Además de Valadez, el capitalino José Mauricio y el peruano Andrés Roca Rey, completaron un gran cartel, pero los dos mejores astados de Begoña le tocaron a Leo que salió a hombros.
En su primero de nombre ‘Mi Querer’, de 505 kilogramos, con el capote en el primer tercio, Leo se puso la primera ovación de la tarde, cubrió el tercio de banderillas con pulcritud y con zarzo particular, colocando tres excelentes pares para ser ovacionado.
Con la muleta armó la escandalera con variedad de pases terminando con manoletinas de rodillas en el centro del ruedo para tirarse a matar, logrando un estoconazo un tanto cuanto desprendido para cortas sus dos orajes.
Su segundo, fue un toro de mejor presencia, 520 kilos de peso, con el que logró una faena variada a base de derechazos y terminando con pases con la ‘Luquesina’, para cerrar con un pinchazo hondo y descabello, se retiró entre leves aplausos.

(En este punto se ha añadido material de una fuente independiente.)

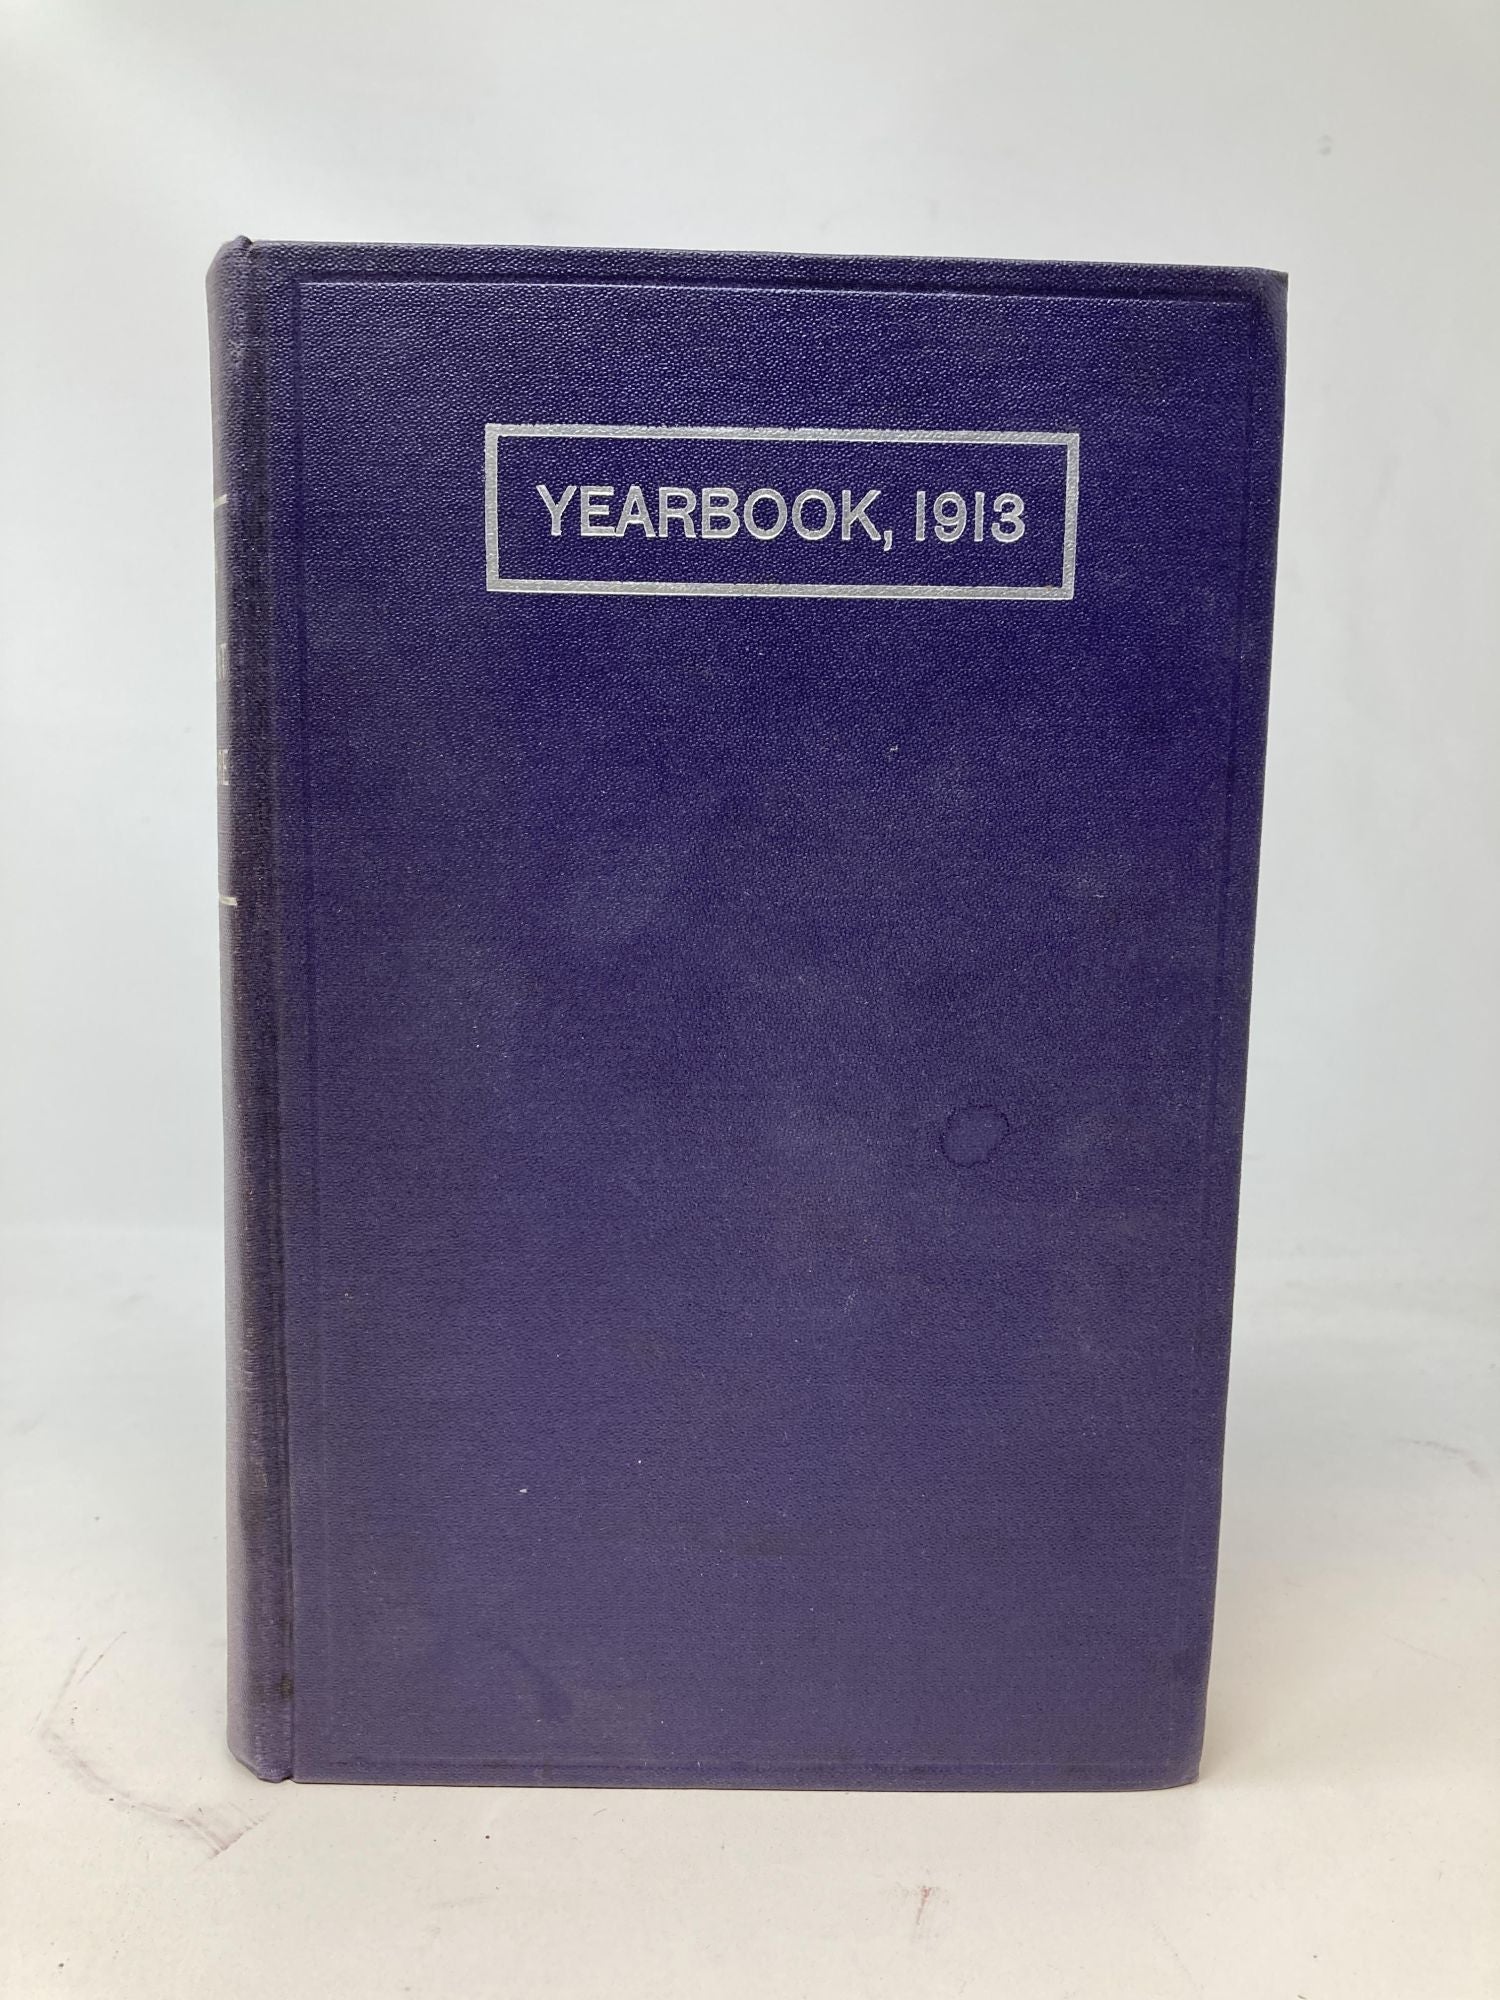 USDA - Yearbook of the United States Department of Agriculture - 1913

El andino Andrés Roca Rey lidió un toro negro zaino de 523 kilos de nombre ‘Limbero’; nada qué decir con el capote y con la muleta a base de derechazos intentó algún pase, sin conseguirlo, se despidió con una estocada trasera y tendida y se retiró entre división de opiniones.
Y con el de reserva, un toro de menor presencia que el de vuelta, logró una faena por encima de las condiciones del toro, con variedad de pases y logró una estocada para cortar una oreja.

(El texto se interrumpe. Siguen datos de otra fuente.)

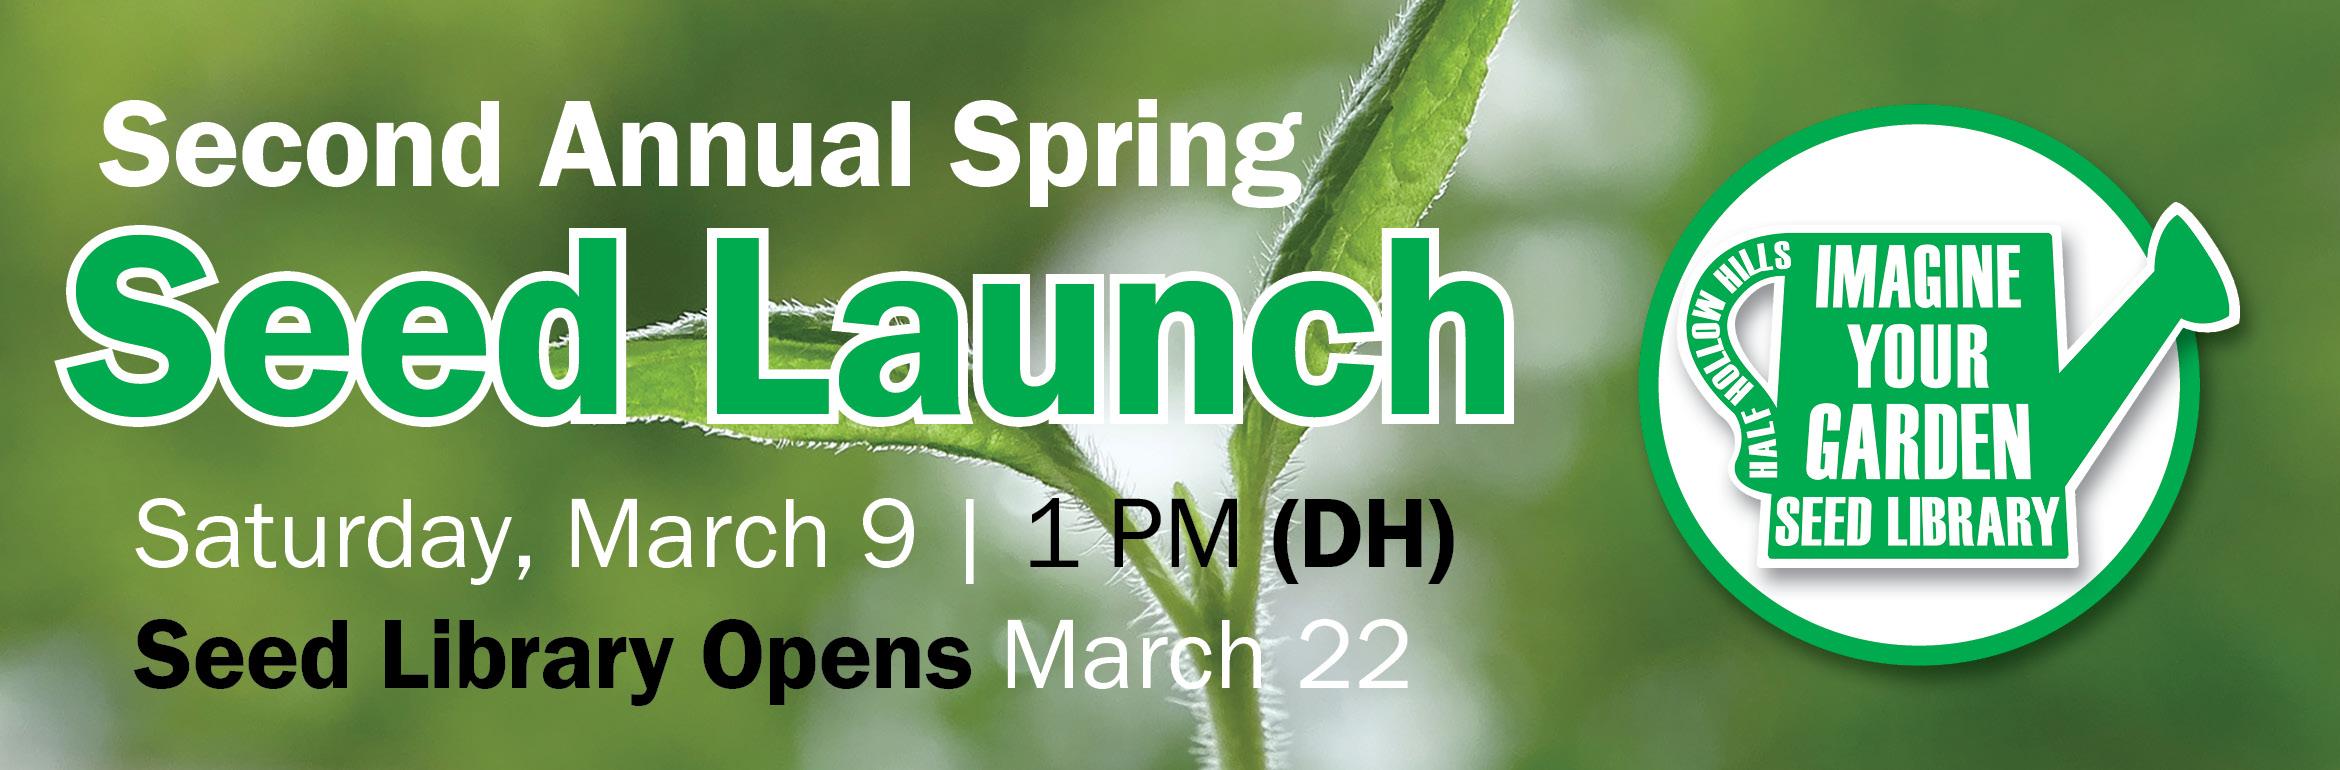 Second Annual Spring Seed Launch. Saturday, March 9 | 1 PM (DH). Seed Library Opens March 22.

José Mauricio, en su primero de 505 Kgs, se vio voluntarioso, con faena a base de derechazos, se tiró a matar en las proximerías con un estoconazo tardando el toro en caer y perdiendo trofeos para retirarse con saludo en el tercio.
Y su segundo, fue un toro un tanto anovillado, nada qué decir a casa, ante una faena intermitente ante las embestidas ásperas y cortas del toro, se retiró en silencio después de 4 pinchazos.